My main point was that it is interesting how the Pro-Life movement has been able to change the Republican party into a Pro-Life party and make appointments to the Supreme Court largely dependent on hostility to Roe v. Wade, without actually gaining more support for the Pro-Life position in the population as a whole. That is a remarkable political feat.

P.S. I personally believe life begins at conception and that provoked abortions are morally wrong, even in cases of rape or incest. I also think IVF and Embryonic Stem Cell research is morally wrong. I am not sure, however, whether abortion, IVF or embryonic stem cell research should be illegal.

 
At 20 April, 2007 21:01, Blogger Charles said...

Interesting discussion going on here! Its ironic that both sides of the table can find common ground with the whole abortion debate, even with different approaches and/or philosophies.

Anyhow, I have to put in my two cents worth, cause, well...I just gotta! ;-)
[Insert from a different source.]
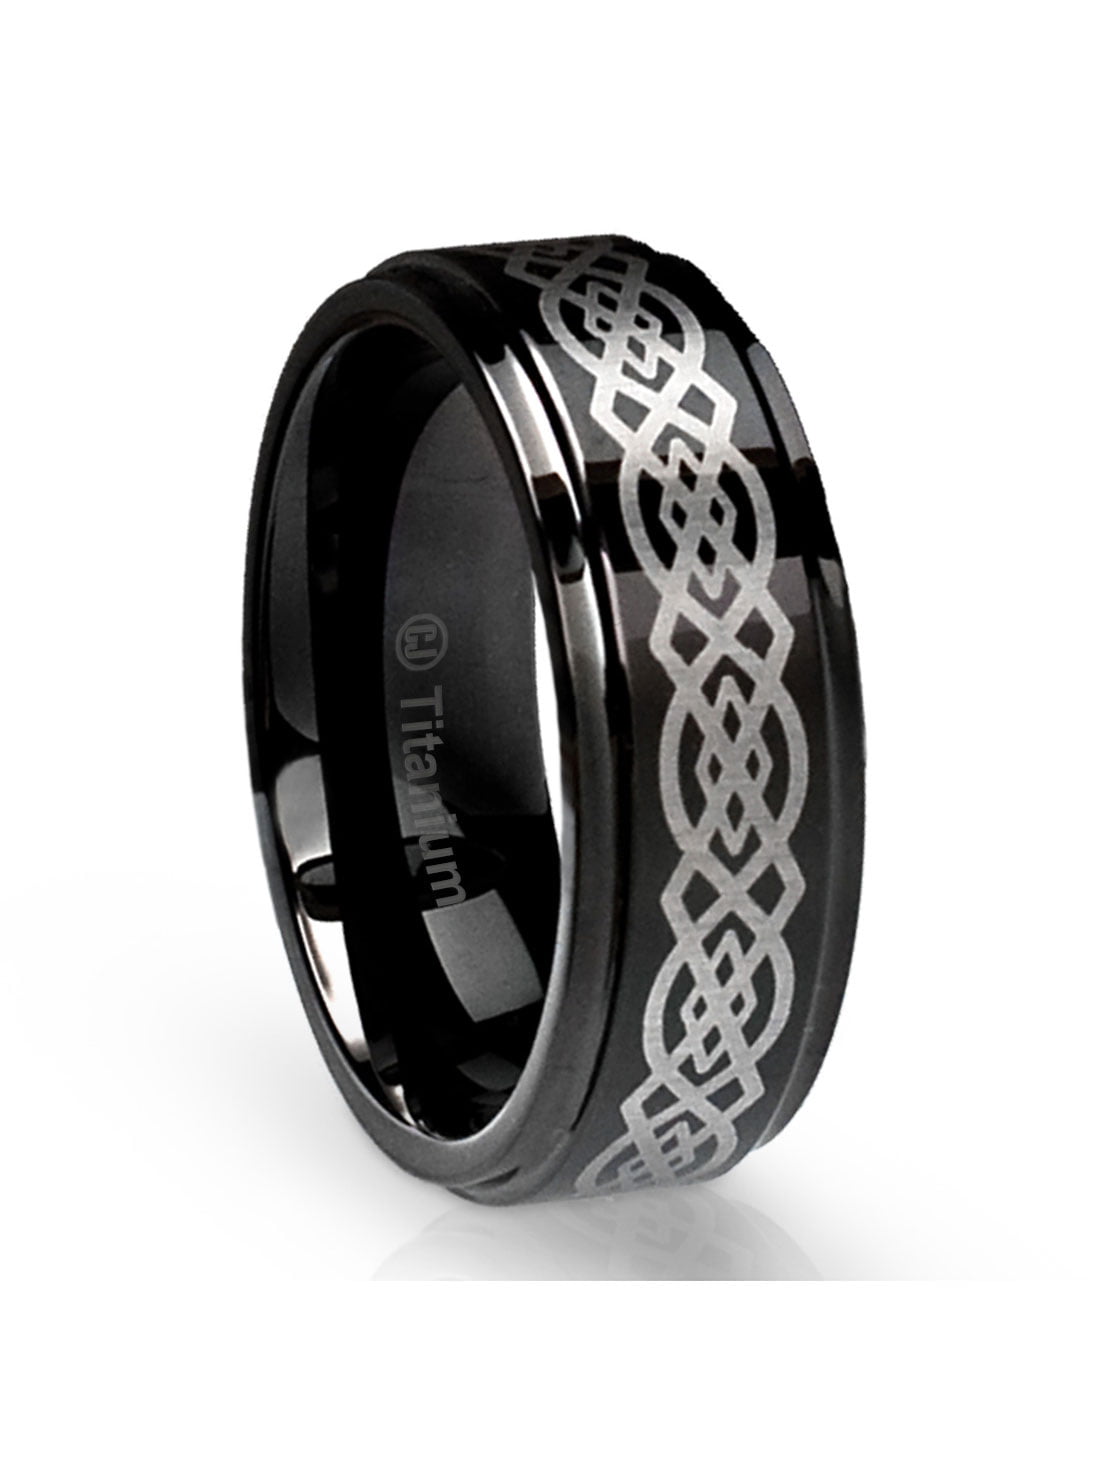 Mens Wedding Band in Titanium 8MM Ring Black with Celtic Design

I think that the Supreme Court made the right decision. Ironically, though, I have to confess that it was an activist decision. I don't appreciate activist courts at all, even when they are legislating towards my way of thinking. So, bravo, Torsten on getting me to see that. It is a bit hypocritical of me to snarl at the ultra-liberal 9th Circuit, yet cozy up to the Supreme Court because I like their conservative ruling... Ouch!

Now, specifically within this debate, this recent ruling has not overturned Roe v Wade. In that case, I suppose that "stare decisis et non quieta movere" is apropos. Our Chief Justice made that quite clear during his confirmation grilling..er..hearings. I do not foresee a overturning of that ruling. Though I would applaud that the legalized slaughter and murder of babies is over, it should be the will of the people, not a panel of judges. And as Kiersten stated, this should left up to individual states to decide.
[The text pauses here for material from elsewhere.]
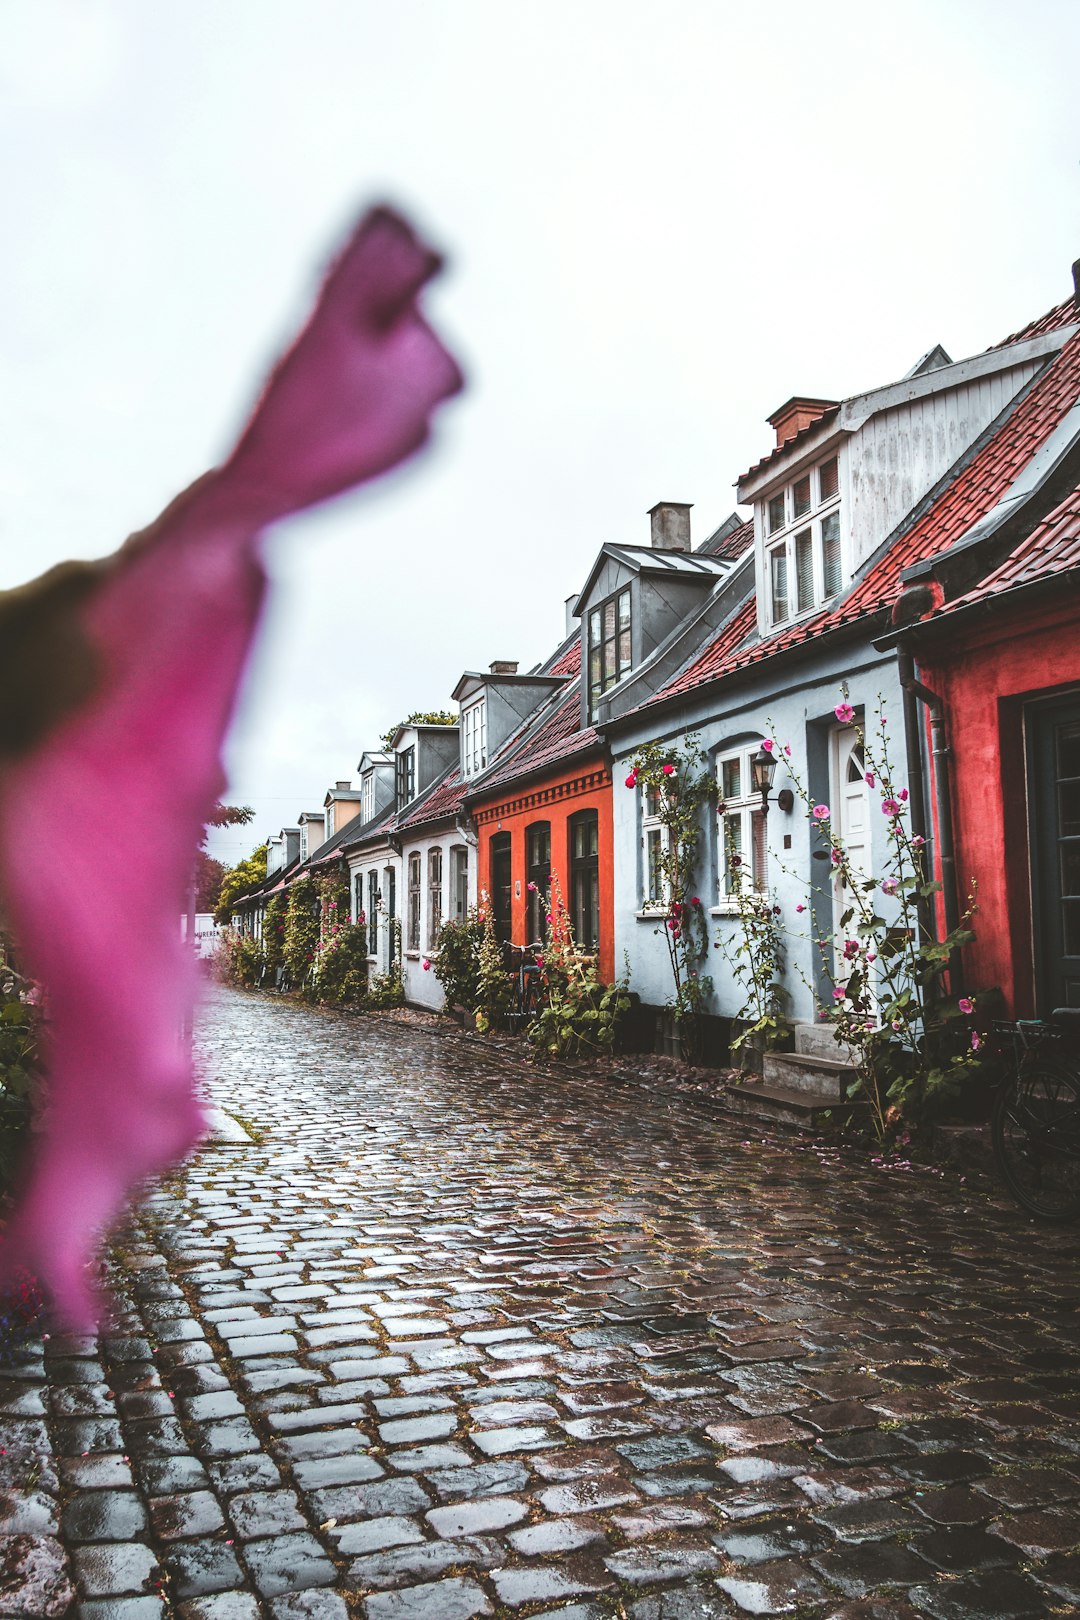 travelers stories about Town in Møllestien, Denmark

Lastly, in regards to the Republican part becoming the Pro-Life party, I do chide many in my party for being "one-issue" minded. (Otherwise, voting or not voting for someone because they are for or against abortion.) The same can be said for the Democrats who voted in a majority congress because they were all against the war. People were not thinking, just voting completely on emotion. There are many who will not consider Guiliani because he is pro-choice. That is stupid.

Anyhow, I digress.... Emotion is the biggie though, and that is at the crux of the abortion debate. Politics becomes foolish and dangerous when emotions drain all energy from logic and reason.

 
At 22 April, 2007 20:29, Blogger Torsten Pedersen said...

First, let me reformulate my position on IVF. I'm not certain its morally wrong and I don't want to critize anyone who choose this treatment for infertility. However, personally I think it is very problematic.

Yes, at the moment 'stare decisis' is the position of the court concerning Roe v. Wade, and I wouldn't be surprise if the court actually tired to avoid having to revisiting this decision. However, the court is close to being willing to reconsider and overturn Roe.

 
At 23 April, 2007 15:05, Anonymous Kiersten said...

While I don't think that we will ever agree on activist judges, I found your points about the republican party very interesting. This next presidential election going to be a very fascinating. It was no surprise that that all the presidential candidates on each of their respective sides came out for or against the court's decision.

On the republican side, there doesn't seem to be a candidate that the religious conservatives are happy with. Whether it be about abortion or just that they are not happy with the candidate's religion. Since I would say they make up about 25 percent of the party, it will be interesting to see what they decide.